XMLSchema2ShEx: Converting XML validation to RDF validation

Tracking #: 1824-3037

Herminio Garcia-Gonzalez
Jose Emilio Labra-Gayo

Responsible editor: 
Axel Polleres

Submission type: 
Full Paper
RDF validation is a field where the Semantic Web community is currently focusing attention. In other communities, like XML or databases, data validation and quality is considered a key part of their ecosystem. Besides, there is a recent trend to migrate data from different sources to semantic web formats. These transformations and mappings between different technologies have an economical and technological impact on society. In order to facilitate this transformation, we propose a set of mappings that can be used to convert from XML Schema to Shape Expressions (ShEx)—a validation language for RDF. We also present a prototype that implements a subset of the mappings proposed, and an example application to obtain a ShEx schema from an XML Schema. We consider that this work and the development of other format mappings could drive to an improvement of data interoperability due to the reduction of the technological gap.
Full PDF Version: 


Solicited Reviews:
Click to Expand/Collapse
Review #1
By Emir Muñoz submitted on 28/Mar/2018
Review Comment:

I would like to thank the authors for considering all comments (including mine) and revising their manuscript accordingly.

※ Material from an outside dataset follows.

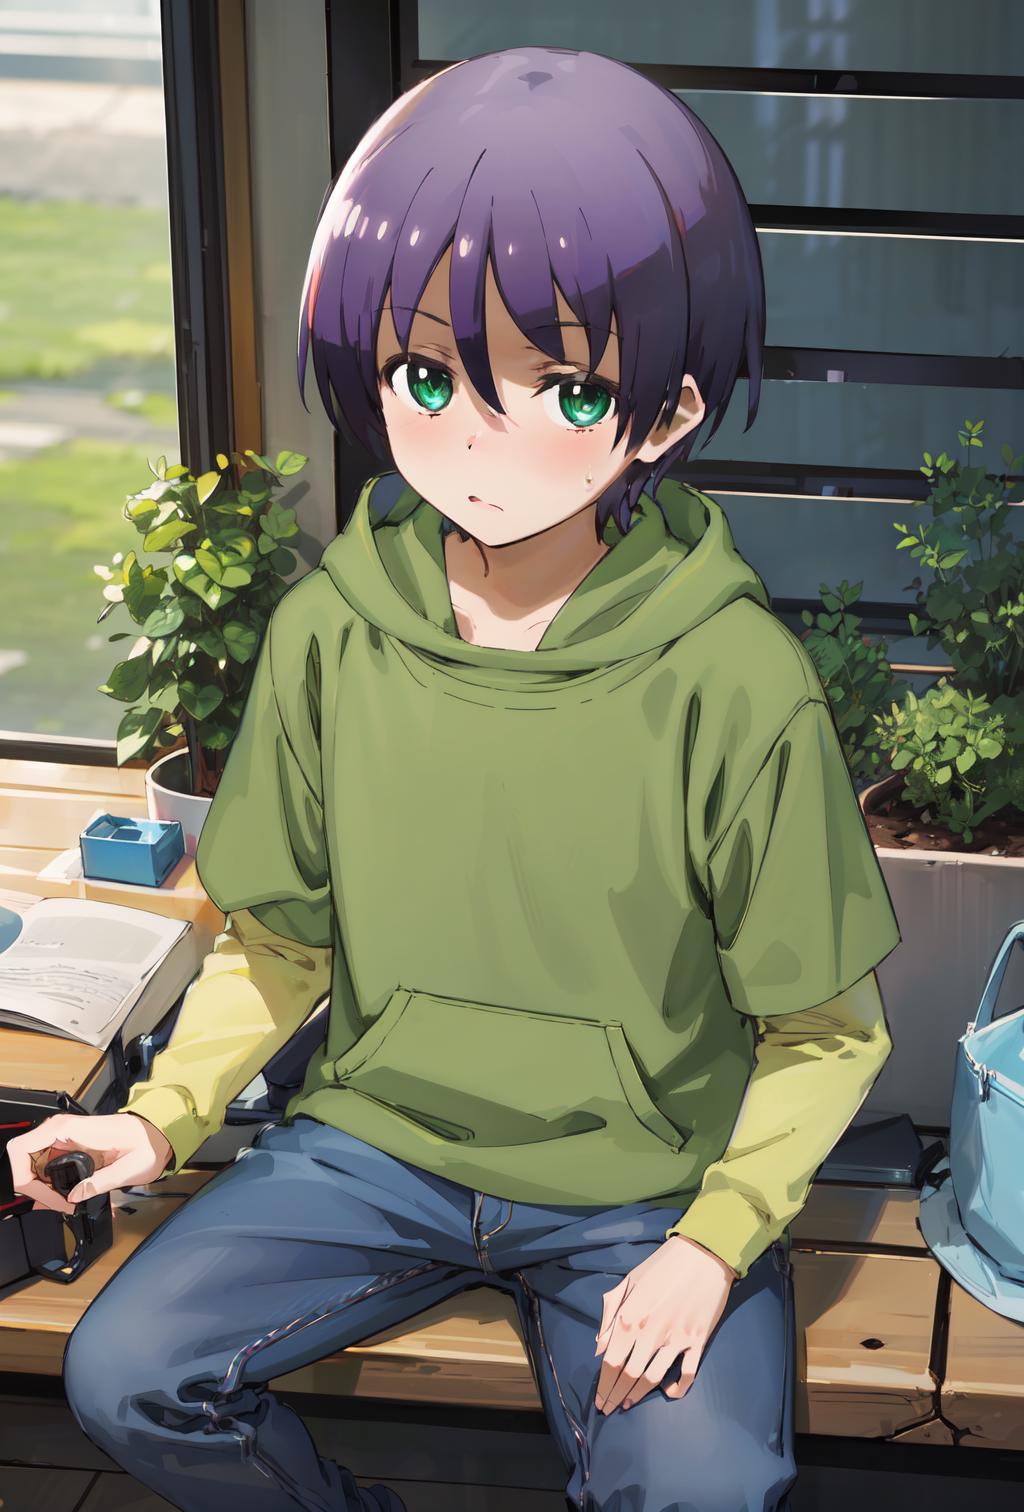 Tonikaku Kawaii Episode 1 Discussion & Gallery - Anime Shelter | Anime,  Cute anime wallpaper, Kawaii anime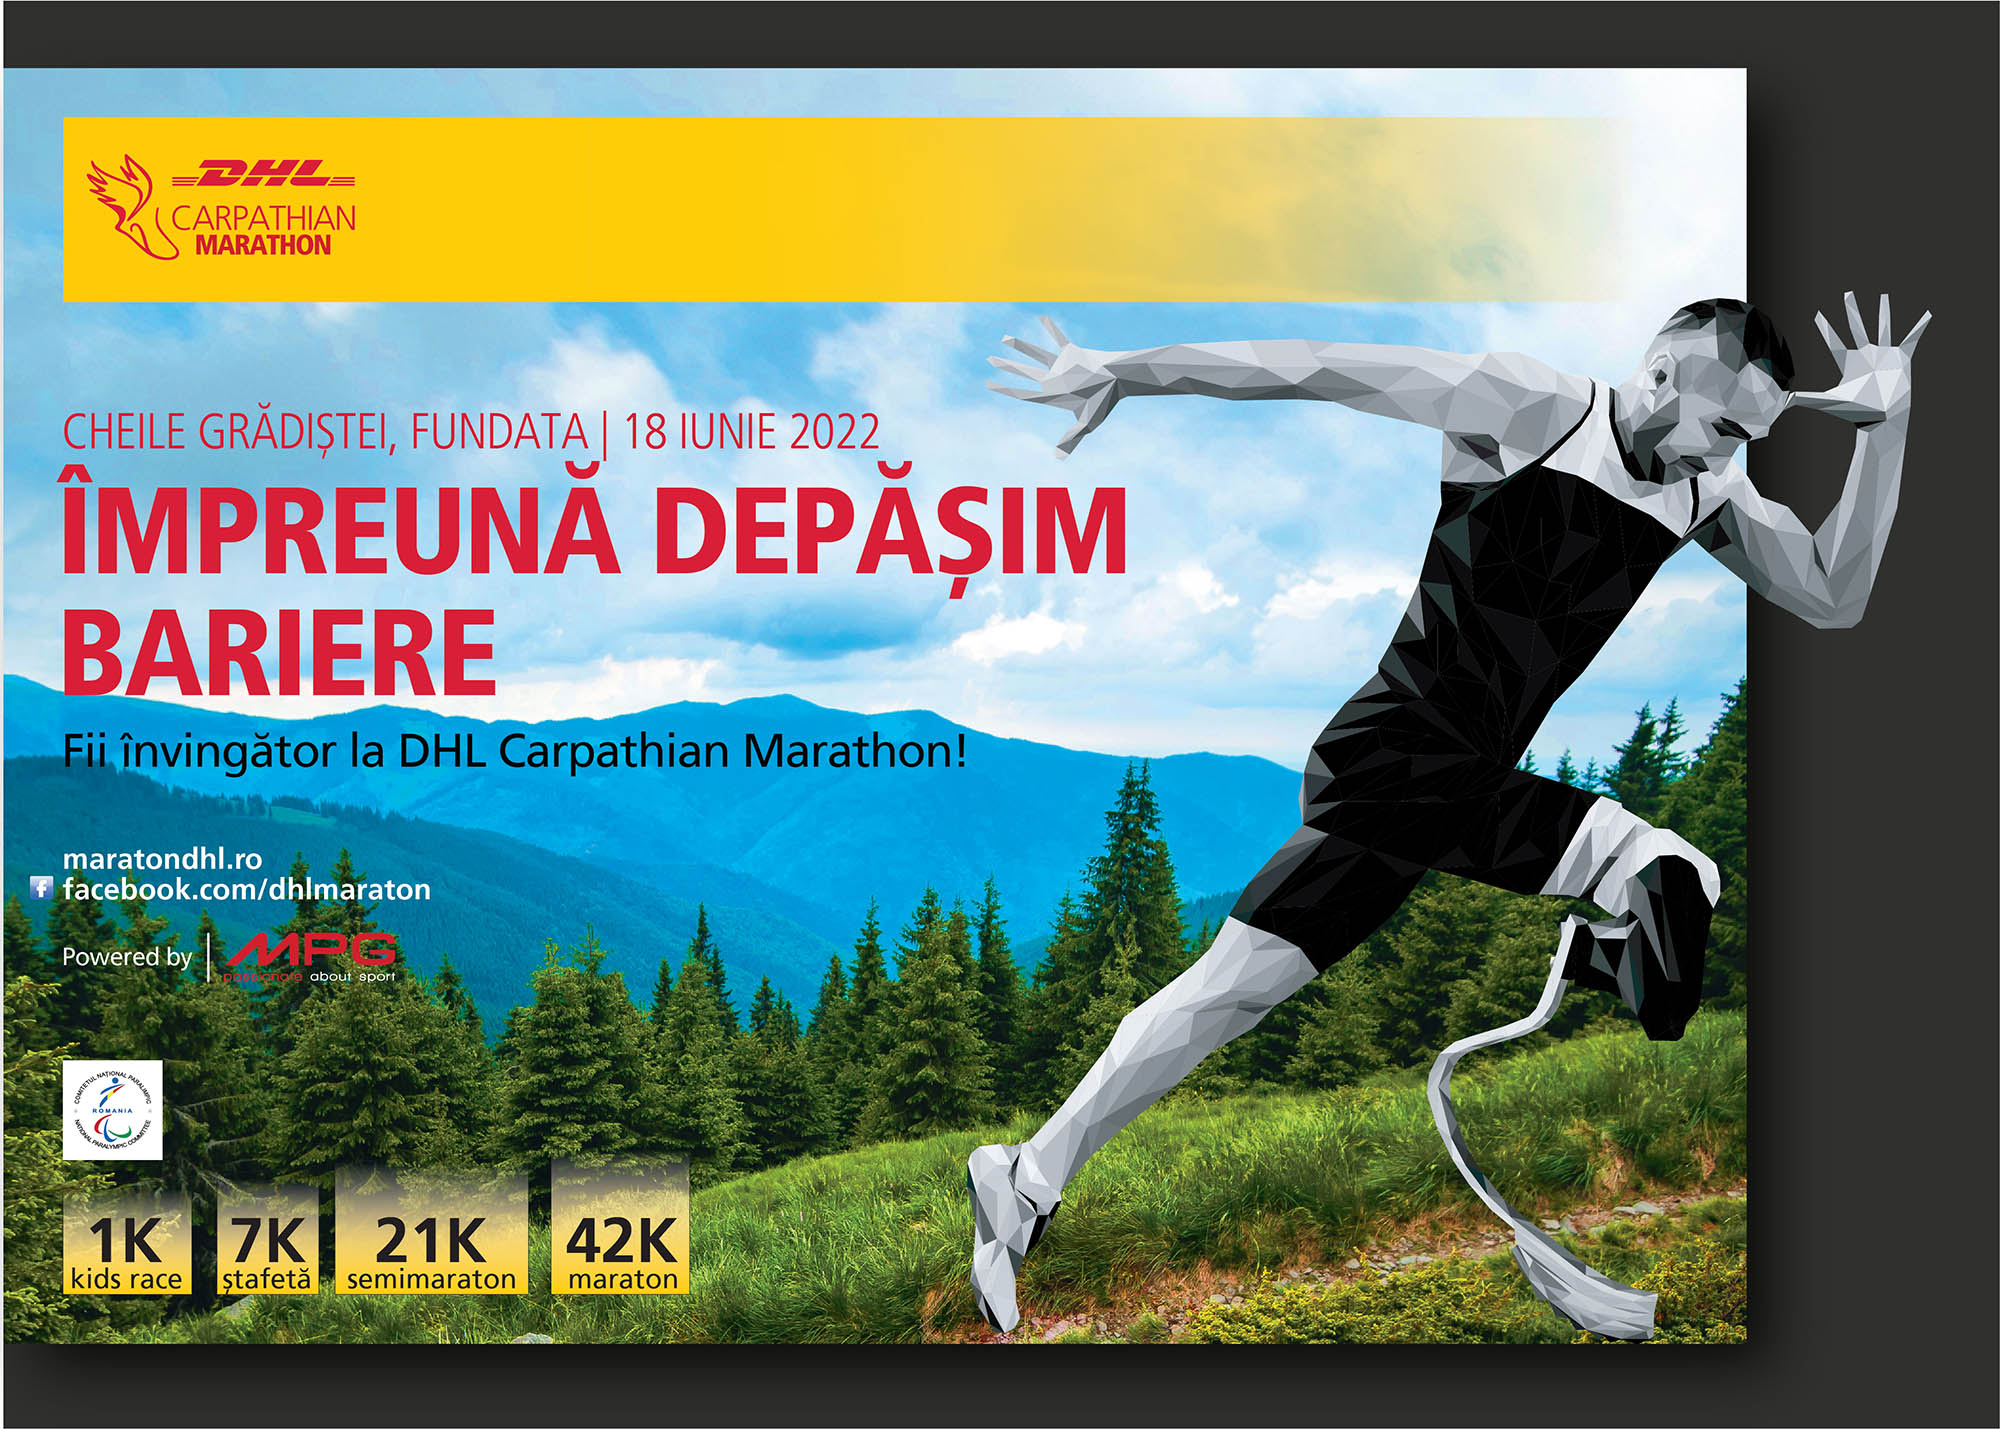 DHL Carpathian Marathon, în iunie

Without any doubts, the latest version has largely improved in terms of content and presentation making the paper more readable and complete than the initial submission.

After two rounds of revision, I think the authors did a good job and the paper is suited for publication.

My final remarks are towards polishing the abstract, which currently does not flow as well as the rest of the article.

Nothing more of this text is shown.